I sometimes get very confused and upset when I am in pain. I am told to pray. Well, I meditate and pray daily. I am told to praise God. I try to live by what Matthew writes in chapter 5, verse 16. I live my life doing what I can to reflect on the glory of God. But I still suffer in pain. There are two things that I truly believe: suffering is not the last word in my life, and, for God, all things are possible.
Do not get me wrong; I rarely ask God to lift my pain. There too many people suffering more than me, and whom I pray for God to comfort. This praying for others helps me cope with my difficulties. This is one way God eases my pain. And yet, there are times that I do complain to God; never as critically as Job does. I think I complain because when I am in pain, I feel like I am lost in the wilderness.

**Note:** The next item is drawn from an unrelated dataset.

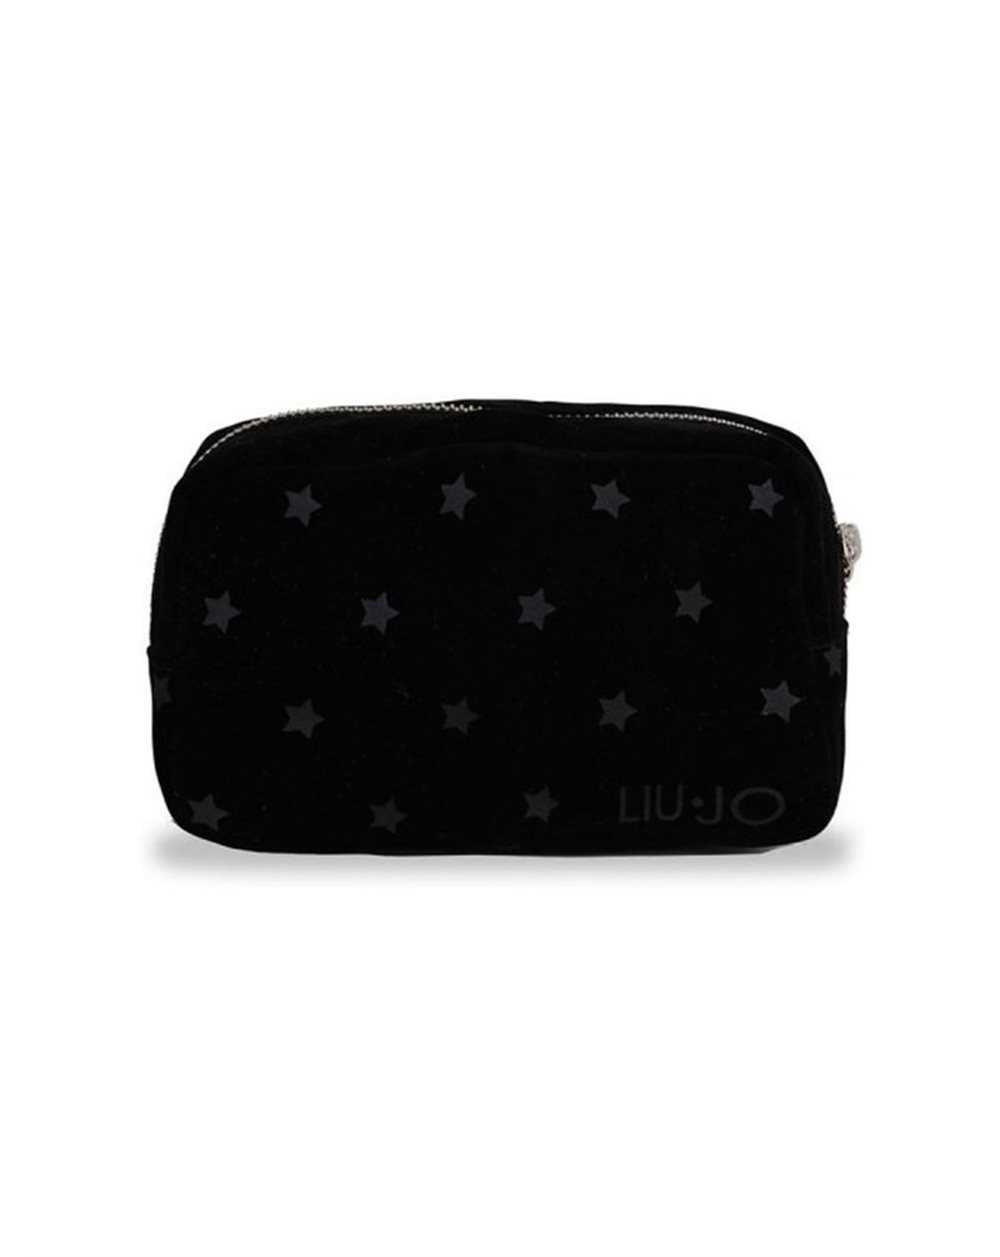 LIU-JO beauty pochette Stelline nera con chiusura zip

Then I remember that Jesus fasted for forty days in the wilderness, and I immediately find relief from this feeling. I never feel that my pain is sanctioned by God; He does not give me my pain, He comforts me when I need it. My loving wife and daughter both tell me that pain is not what stops me from doing things. It is the fear of pain that does. Mt prayers for God is to give me the courage to continue, to not give up.
My thoughts and actions are all aimed at making life pleasant for others; I do not anger at a person’s self-centeredness. I pray that God eases them of him of his burdens so he may be happy as me. I pray to comfort others, and as long as God allows me to do this, I am happy, pain or no pain.
I praise our Lord for all the good things in my life. And they are plentiful.